Microsoft has a 3-year release cycle for their products. You'll end up paying
every three years. For every single product. Microsoft's biggest cash cows are
it's OS and Office products and always have been.

> A W2K12 Standard server license costs around 850 USD (~ 700 EUR)

Assuming you have just one server. At the least you will need a production
server and a development server. And at least one for every developer. That's
one OS license, one SQL Server license and one Visual Studio license per
developer. Personally, I love work with a lot of virtual machines off Vagrant
for development, testing and deployment. I am not sure how that works with MS
licences.

> if it counts 5+ machines [...] some may consider to hire a network admin

It's fairly easy to manage ~100 machines using Ansible, Docker, Chef, etc.

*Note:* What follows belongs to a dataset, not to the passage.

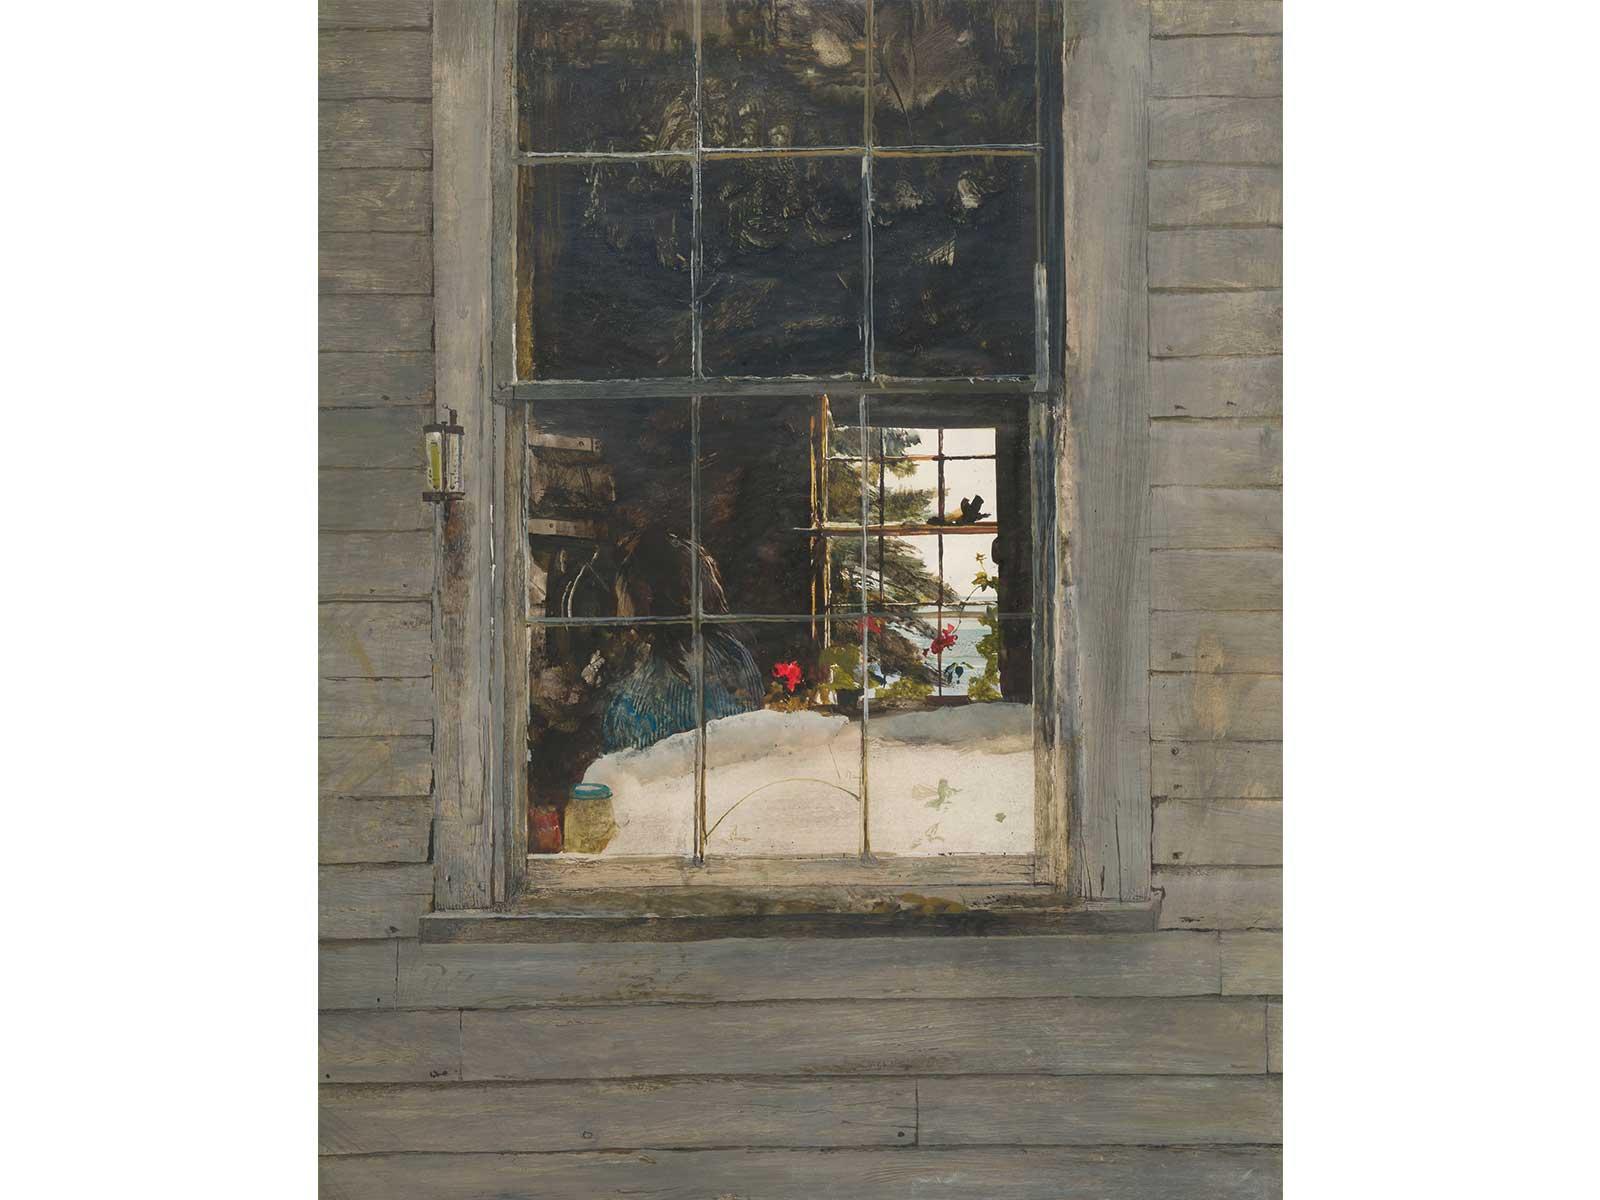 Geraniums, 1960 is a painting of a bedroom as seen through an exterior window. Geraniums appear in the background, seemingly on a bedside table. 
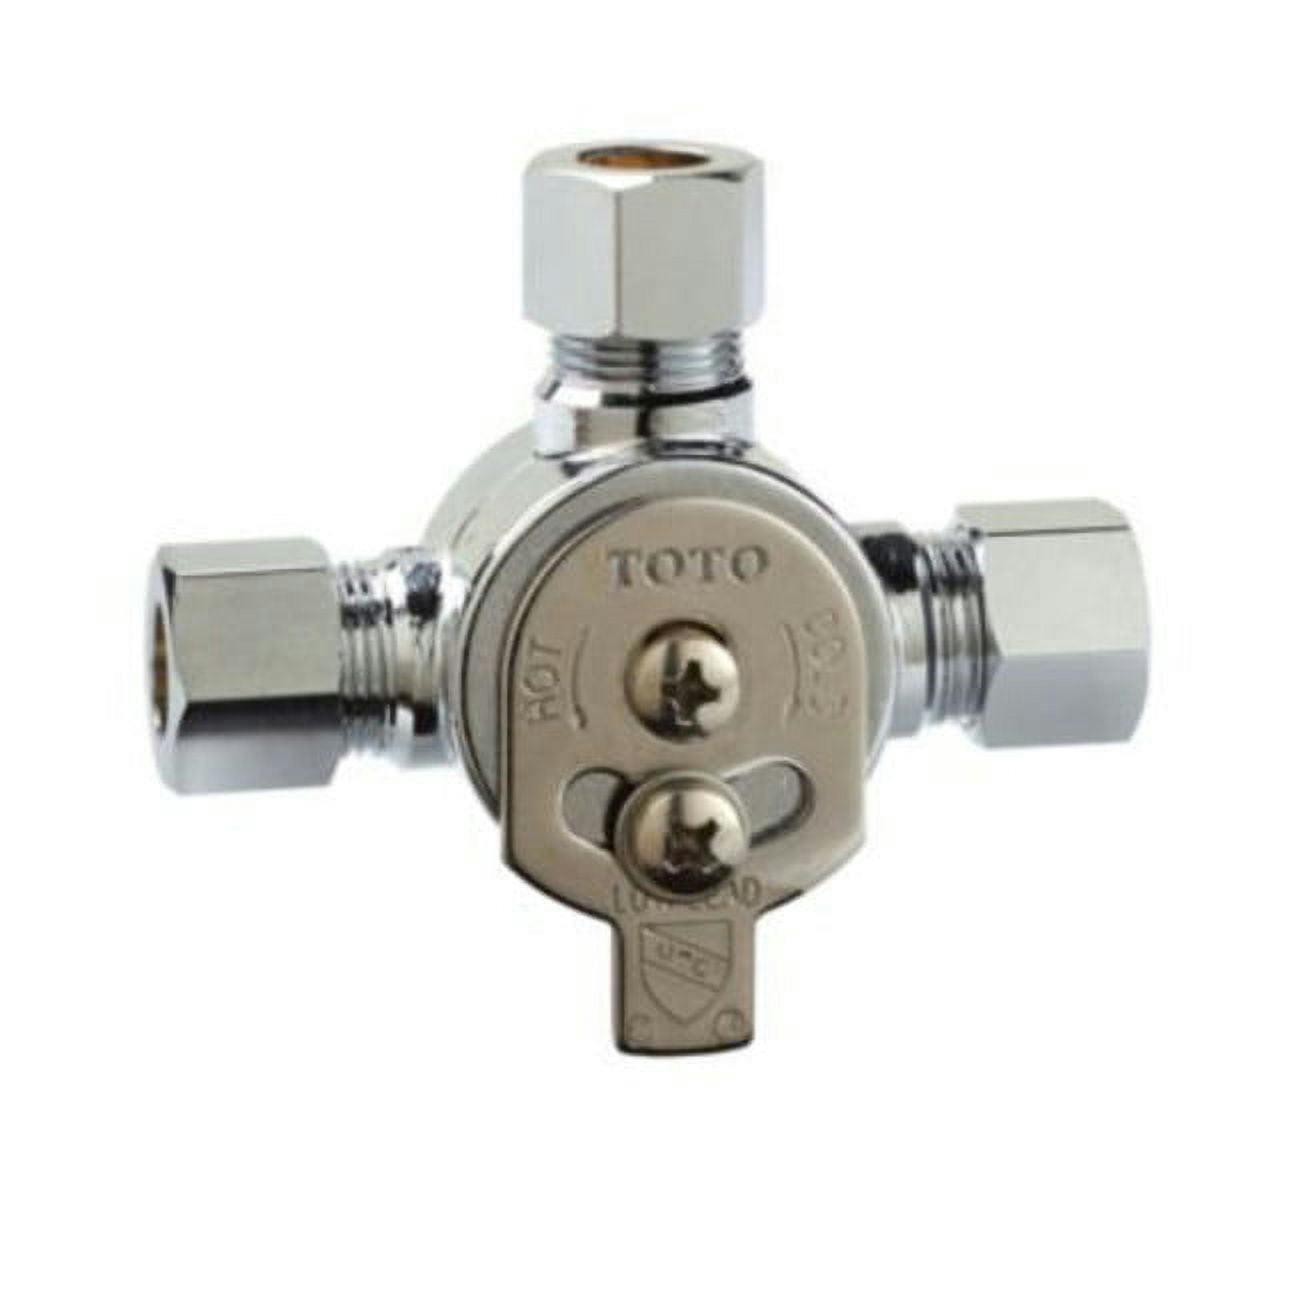 TOTO TLM10 EcoPower Solid Brass Modern Mixing Valve, Polished Chrome

But
in the Microsoft stack you probably want to keep the number of machines much
lower.

> scale up or scale out

Scaling up is the right approach on Windows platforms but here is the issue I
have with it. You cannot add RAM on the fly, as and when you need it. Nor can
you add more processor cores on the fly. With horizontal scale, it's a no
brainer but with vertical scale you cannot scale-up temporarily and then scale
back down either. This is quite common and desirable for web applications.

I was on BizSpark and I was really grateful for the free trial. However,
ultimately I shifted away and I am glad I did, even though C# is awesome and I
absolutely love Visual Studio, I moved away for a number of compelling
reasons.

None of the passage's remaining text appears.